Fitted Regression Line:

\[\hat{y} = 20.114 - 0.526x\]

Interpretation:

  • For each additional year of age, the change in blood pressure decreases by an average of 0.526 mm Hg.

  • The intercept estimate has no practical meaning since we do not study newborns for blood pressure treatment.

  • The negative slope suggests that older patients benefit more from the treatment.


13.2.4. The ANOVA Table for Regression

Just as in ANOVA, we can decompose the total variability in the response variable into two components, one arising from the model structure and the other from random error.

Total Variability: SST

Components of SST

Fig. 13.16 SST is the sum of the squared lengths of all the red dotted lines. They measure the distances of the response values from an overall mean.

(13.6)\[\text{SST} = \sum_{i=1}^n (y_i - \bar{y})^2\]

SST measures how much the response values deviate from their overall mean, ignoring the explanatory variable. SST can also be denoted as \(S_{YY}\). The degrees of freedom associated with \(\text{SST}\) is \(df_T = n-1\).

Computational Shortcut for SST

While Eq. (13.6) conveys its intuitive meaning, it is often more convenient to use the following equivalent formula for computation:

\[\text{SST} = \sum_{i=1}^n y_i^2 - n\bar{y}^2\]

Model Variability: SSR and MSR

Components of SSR

Fig. 13.17 SSR is the sum of the squared lengths of all the red dotted lines. They measure the distances of the predicted \(\hat{y}\) values from an overall mean.

The variability in \(Y\) arising from its linear association with \(X\) is measured with the regression sum of squares, or SSR:

\[\text{SSR} = \sum_{i=1}^n (\hat{y}_i - \bar{y})^2.\]

SSR expresses how much the fitted values deviate from the overall mean. Its associated degrees of freedom is denoted \(df_R\), and it is equal to the number of explanatory variables. In simple linear regression, \(df_R\) is always equal to 1. Therefore,

\[\text{MSR} = \frac{\text{SSR}}{df_R} = \text{SSR}.\]

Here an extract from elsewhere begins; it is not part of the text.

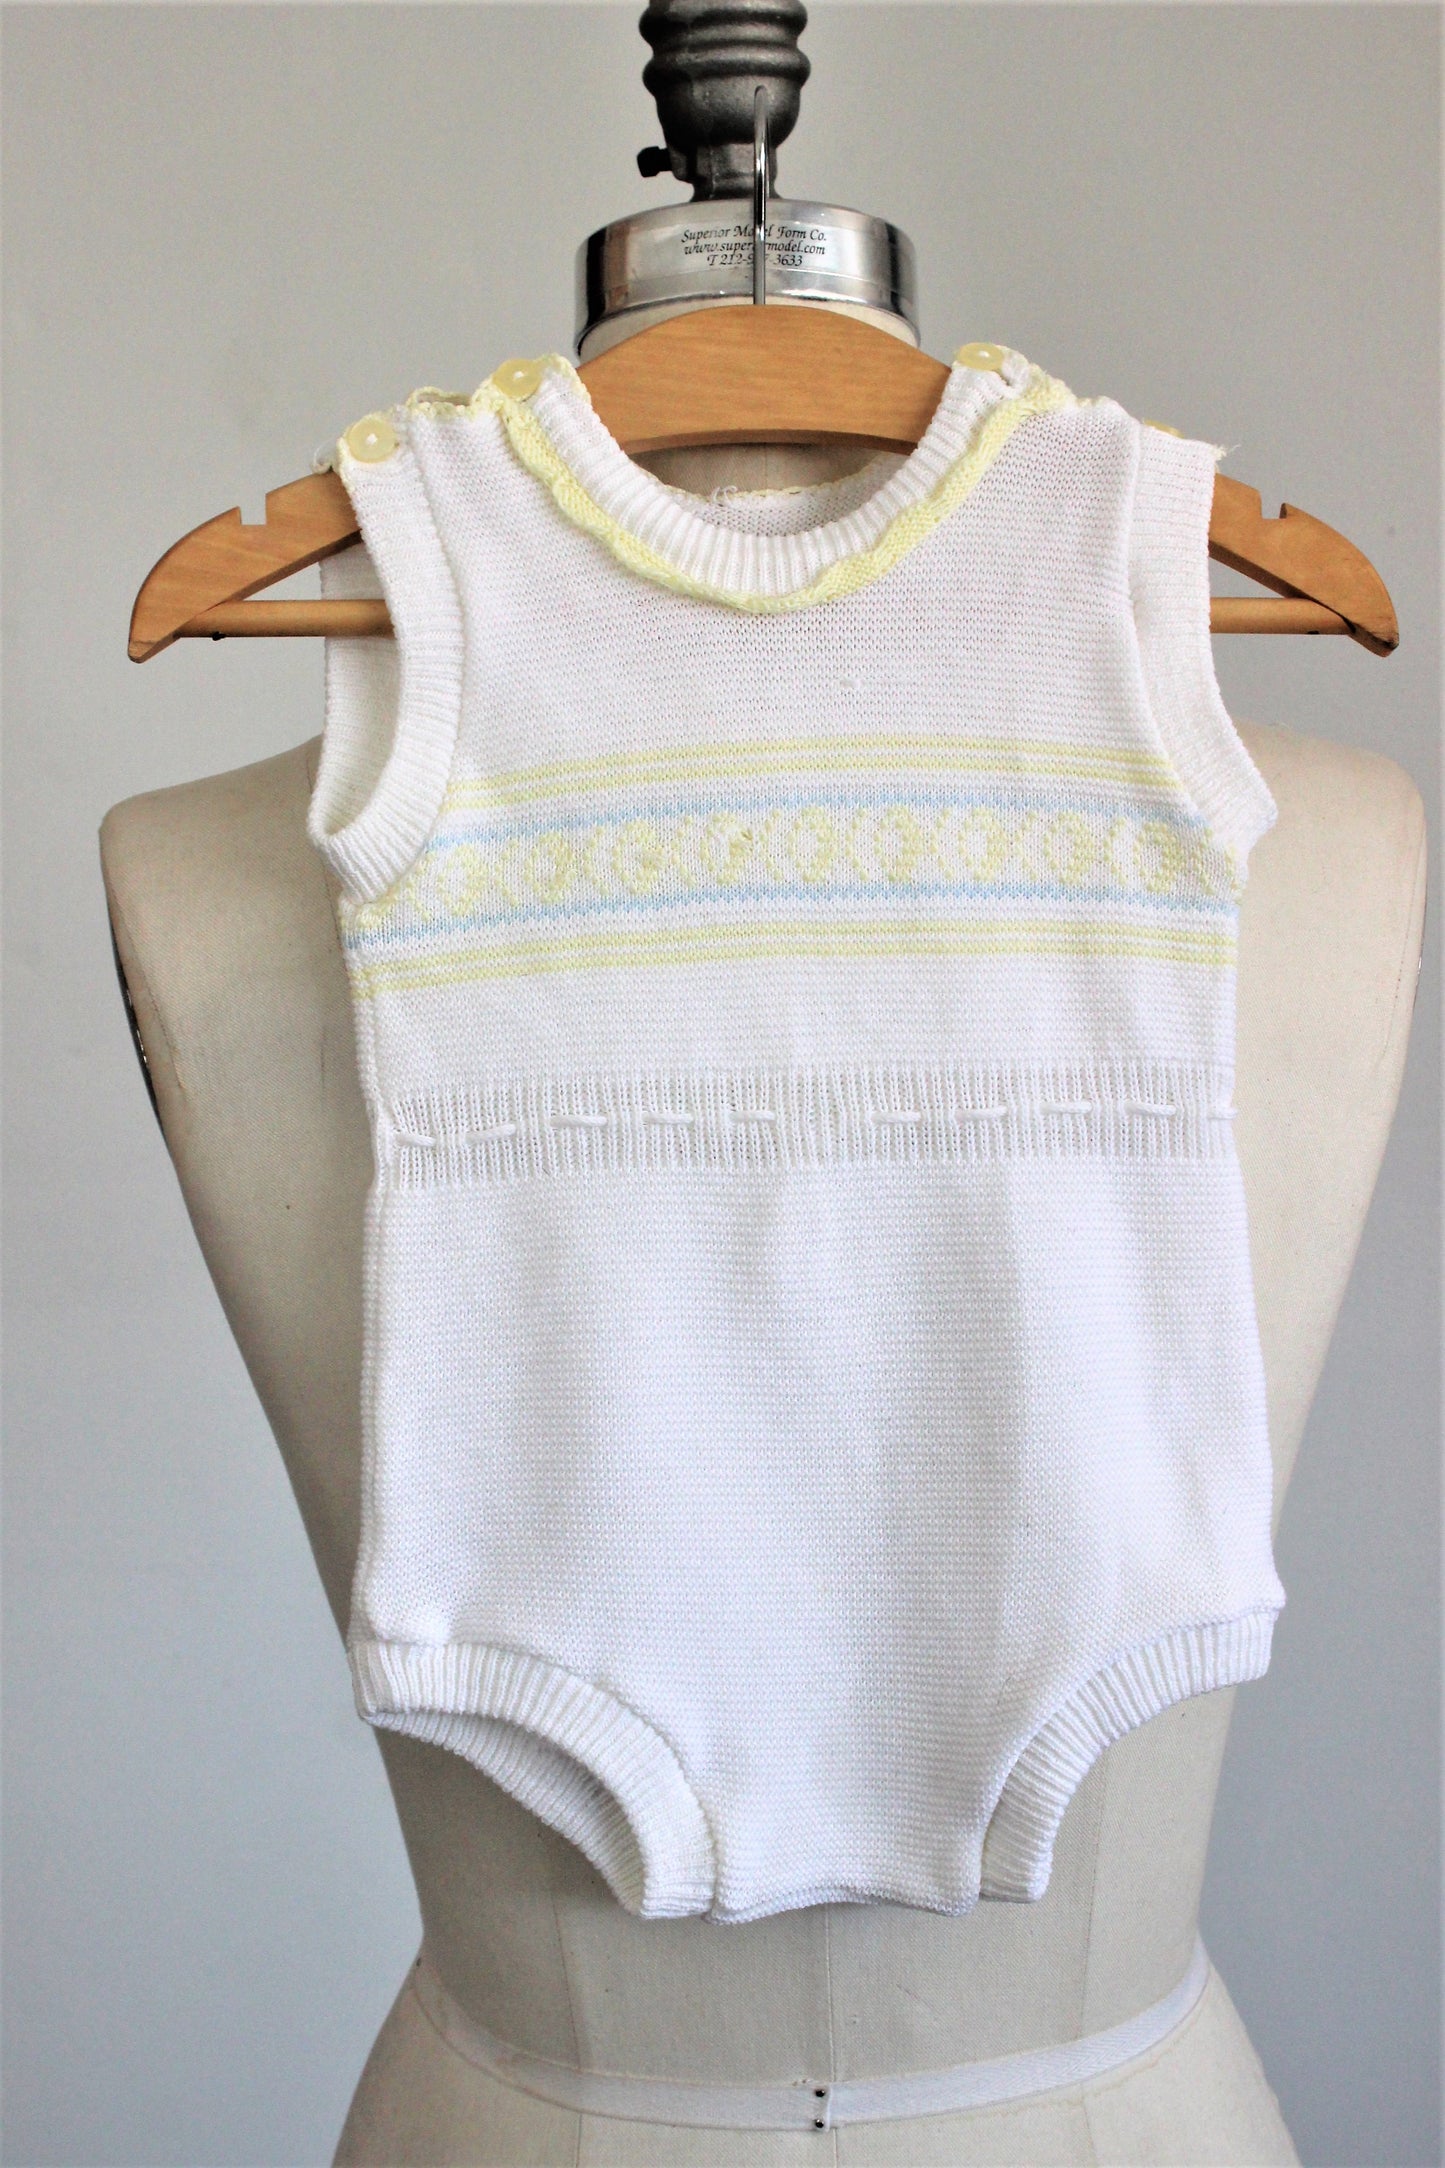 Vintage 1970s Baby Onesie Outfit Boy Or Unisex 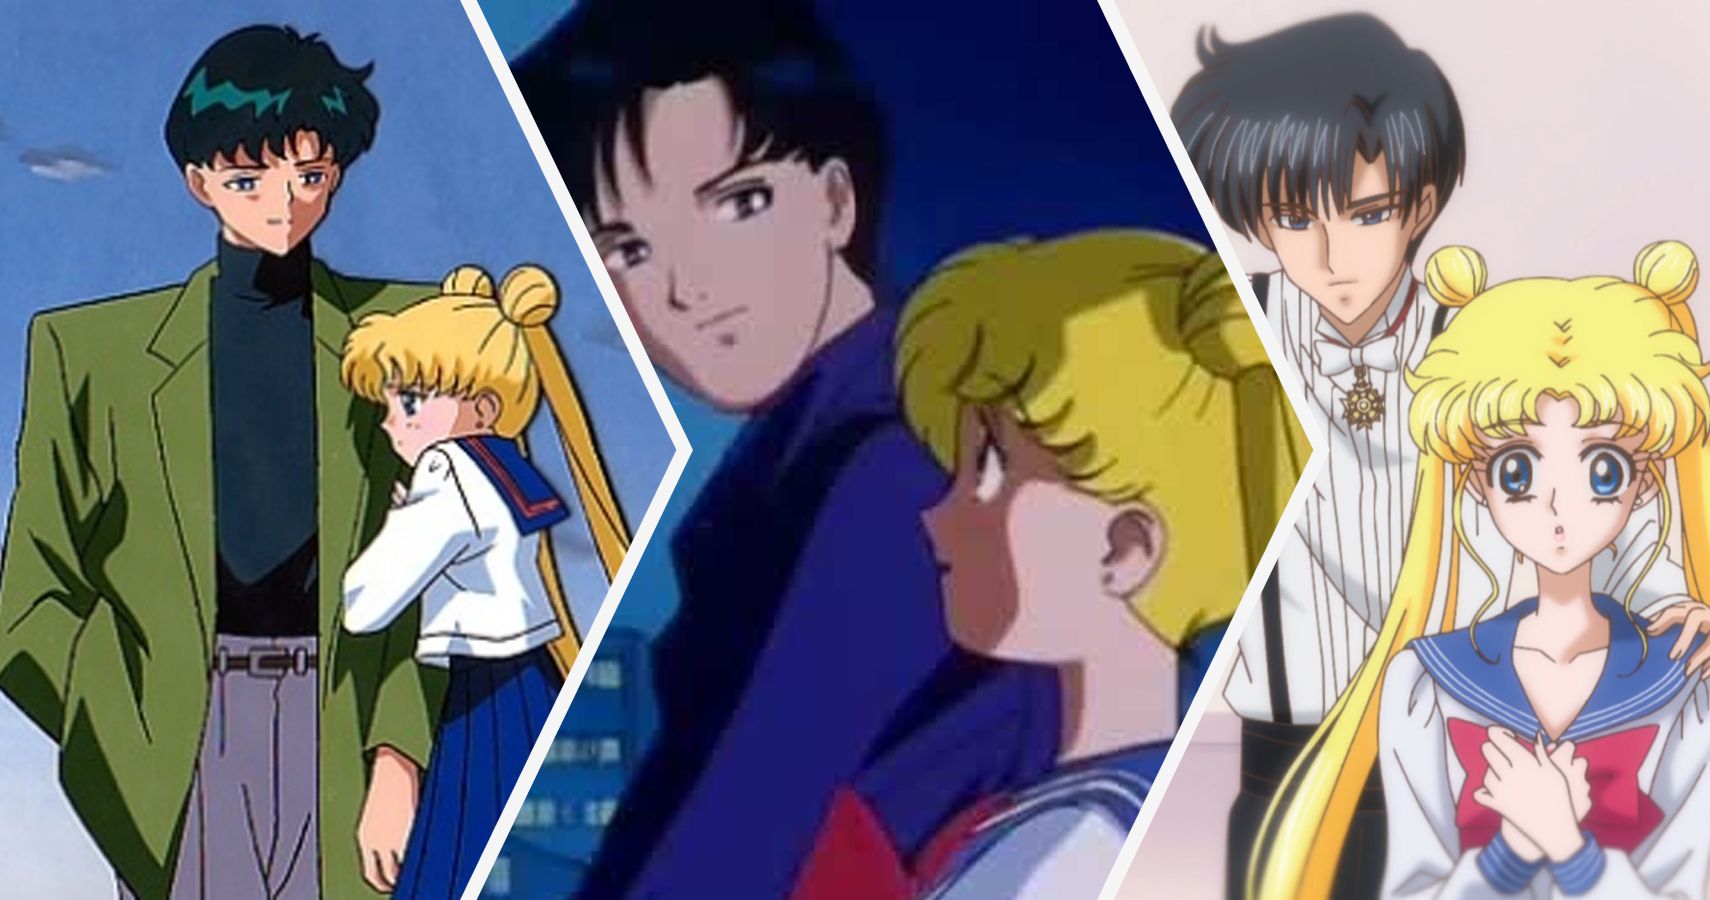 20 Strange Facts Only Real Fans Know About Sailor Moon And Tuxedo Mask

Computational Shortcut for SSR

Using the expanded formula of \(\hat{y}_i\) and \(\hat{\beta}_0\),

\[\begin{split}\text{SSR} &= \sum_{i=1}^n (\hat{\beta}_0 + \hat{\beta}_1x_i - \bar{y})^2\\ &= \sum_{i=1}^n ((\bar{y}-\hat{\beta}_1\bar{x}) + \hat{\beta}_1x_i - \bar{y})^2\\ &= \hat{\beta}_1^2\sum_{i=1}^n (x_i -\bar{x})^2\\ &= \hat{\beta}_1\frac{S_{XY}}{S_{XX}} S_{XX} = \hat{\beta}_1 S_{XY}\end{split}\]

The final equality uses the definition of \(S_{XX}\) and the fact that \(\hat{\beta}_1 = \frac{S_{XY}}{S_{XX}}\). The resulting equation

\[\text{SSR} = \hat{\beta}_1 S_{XY}\]

is convenient for computaion if \(\hat{\beta}_1\) and \(S_{XY}\) are available.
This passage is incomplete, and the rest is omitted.